The Fall of Kano

The taking of Kano by the West African Frontier Force, on February 3rd 1903, signalled the end of the Muslim fundamentalist Fulani empire in northern Nigeria.

The taking of Kano by the West African Frontier Force signalled the end of the Fulani empire in West Africa. The Fulani people were nomadic cattle-herders and fierce horsemen, who in the early 1800s, imbued with zeal for Islam, established a fundamentalist Muslim state among the Hausas in northern Nigeria under their leader Uthman dan Fodio, Commander of the Faithful. His successors were Sultans of Sokoto, the empire’s spiritual centre to the west of Kano.  The empire of emirates owing obedience to the sultan was in decline by the 1880s, when the British, French and German governments began seriously to carve up the interior of West Africa between them. It took them twenty years or so, during which they stopped the slave trade and human sacrifice while encouraging Christian missionary work. A key figure was a forceful British colonial administrator, Frederick Lugard. After experience in India and East Africa, he was in his mid-thirties in 1894 when he was approached by Sir George Goldie, head of the Royal Niger Company, which, to the annoyance of the French, had seized control of the River Niger with its own fleet of twenty gunboats. Goldie recruited Lugard in a race against the French to sign a trading agreement with a key chief in the interior. He was successful, at the cost of a poisoned arrow in the head. In 1897 Joseph Chamberlain commissioned Lugard to raise and train the new West African Frontier Force, recruited from the local tribes, with British officers. Three years later the government terminated the Royal Niger Company’s contract and established separate protectorates over northern and southern Nigeria, with Lugard in charge of 300,000 square miles in the north, still largely unexplored by Europeans. Under the principles agreed at a conference in Berlin in 1885, it was necessary for a colonial power not merely to announce that it had taken over a particular region, but to establish a visible administration there. Other imperialists would then back politely away. British dominance of northern Nigeria was far more theoretical than real in 1900, but Lugard proceeded to make it a reality, more by bargaining and diplomacy with the local rulers than by force. His principle was always that colonial power was best exercised indirectly, through the local chiefs and structures already in place.
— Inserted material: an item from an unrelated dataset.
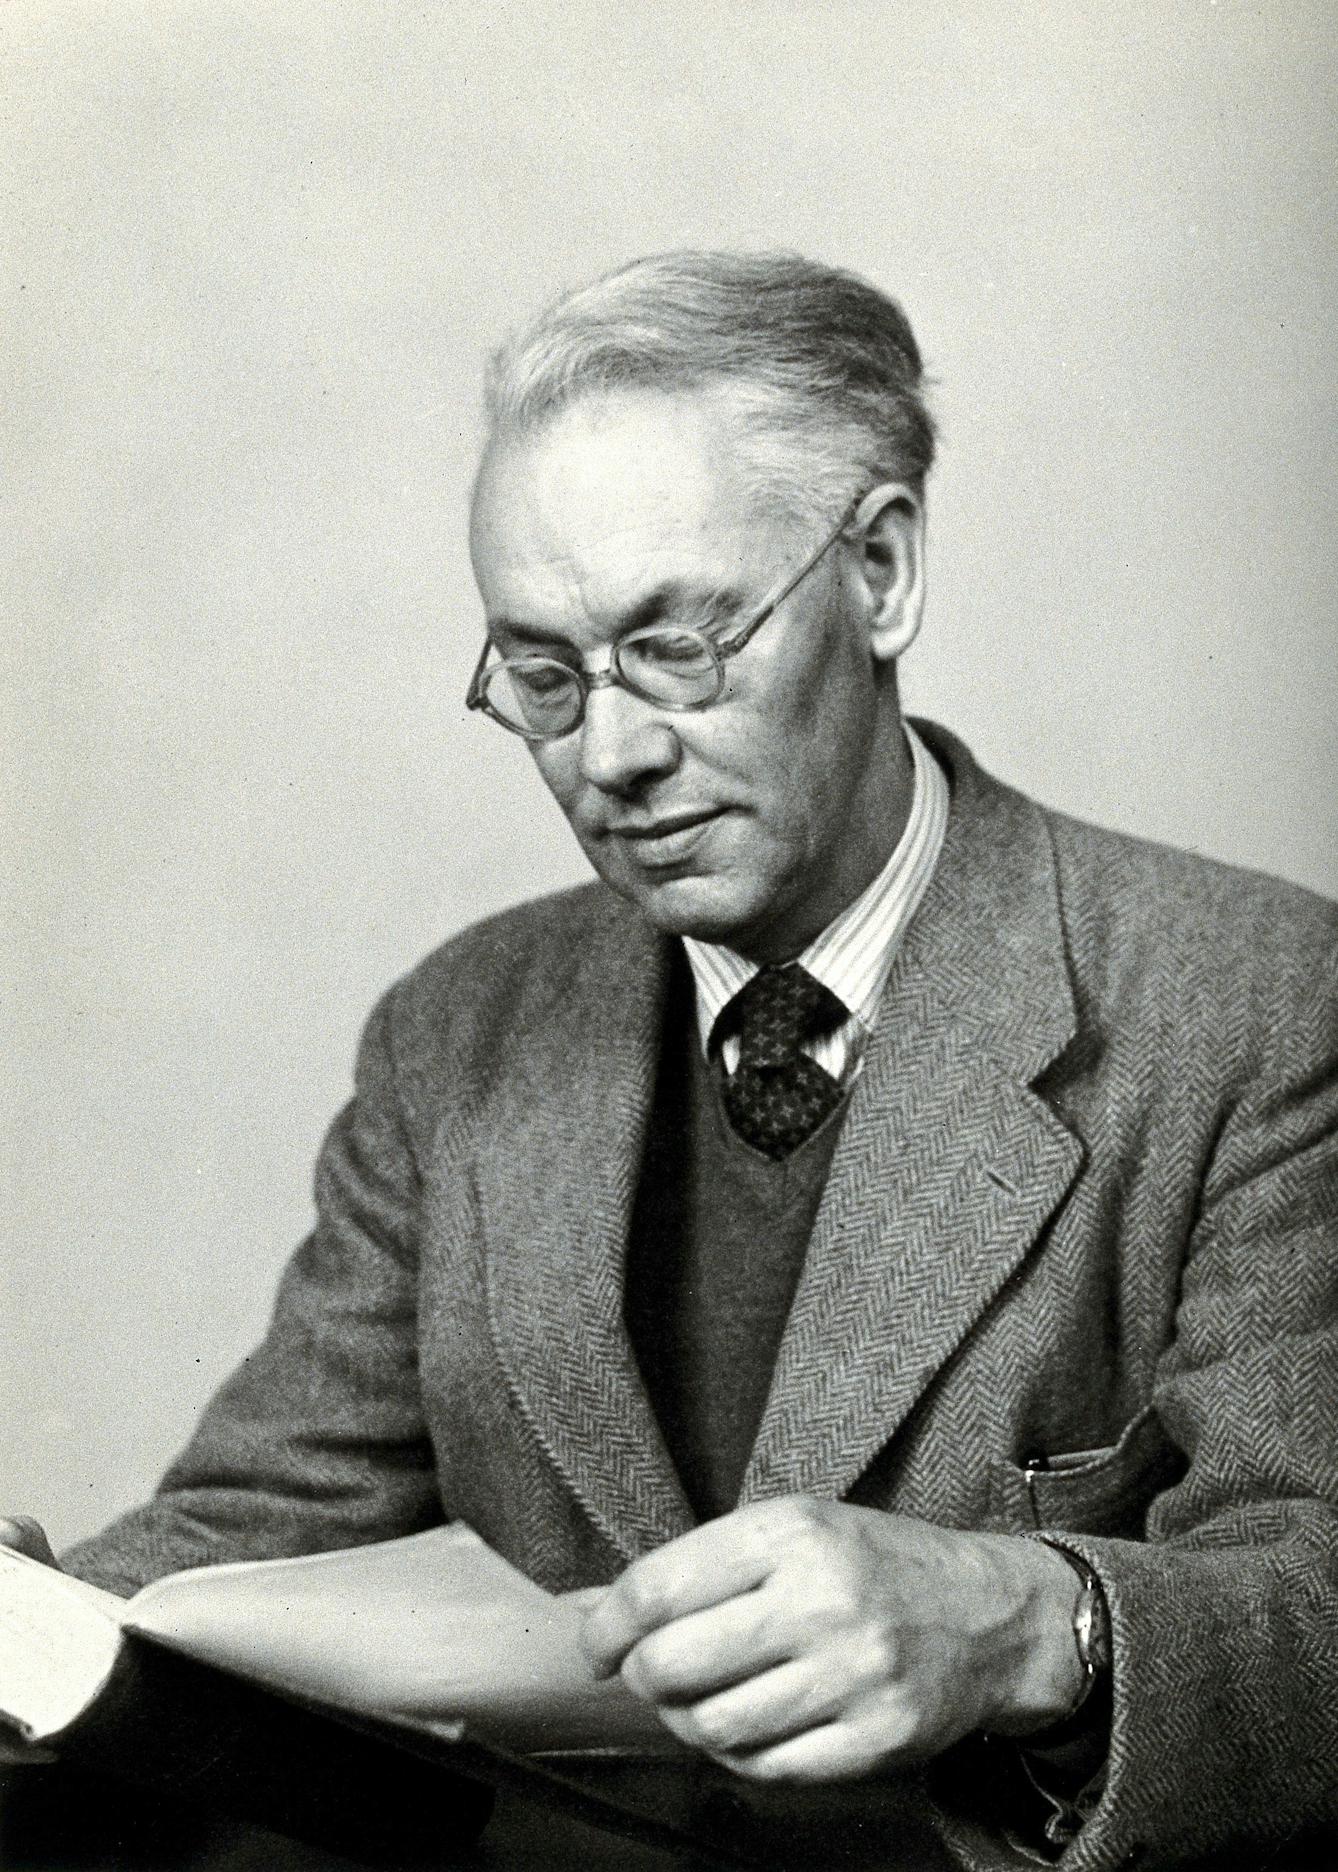 Black and white photograph of a middle-aged white man, Sir Christopher Howard Andrewes, wearing glasses and a tweed suit who is reading a book.

By 1902, however, he found it necessary to subdue the principal Fulani emirates. The colonial office was opposed to the use of force, but Lugard was not a man to be constrained by Whitehall. Kano was a major trading centre with a flourishing slave market, defended by mailed horsemen and protected by walls up to 40ft thick and 50ft high. Lugard sent against it a Frontier Force detachment of some 700 African soldiers, their British officers, four artillery pieces and four machine guns. They were led by Colonel T.L.N. Morland, an adventurous Canadian officer (he ended up as General Sir Thomas Morland). The defenders fired from the walls, but the artillery breached a gate and when the storming party formed up, the defenders departed, leaving the city to be taken. The population seemed either unconcerned or positively relieved and the British emptied the town’s noxious jail, which was so small and crowded that prisoners were regularly trampled to death. The Frontier Force went on to take Sokoto the following month after the reigning sultan, Attahiru, had fled. The British installed his brother in his place and caught up with Attahiru, who was cut down by a stray bullet during a skirmish. The Fulani were between a rock and a hard place. Even if they stopped the British, they would be promptly invaded by the French. They made terms with Lugard, who confirmed the emirs in office when they agreed to be guided by British Residents in future. There was to be no interference with Islamic religion and law, but slave trading was banned and domestic slavery was to be phased out. There was more trouble with some of the Fulani emirs, but by 1906 Lugard was fully in control and in 1914 northern and southern Nigeria were merged into Britain’s largest African colony, with Sir Frederick Lugard as Governor-General. In 1922 he wrote: ‘For two or three generations we may show the Negro what we are: then we shall be asked to go away. Then we shall leave the land to those it belongs to, with the feeling that they have better business friends in us.’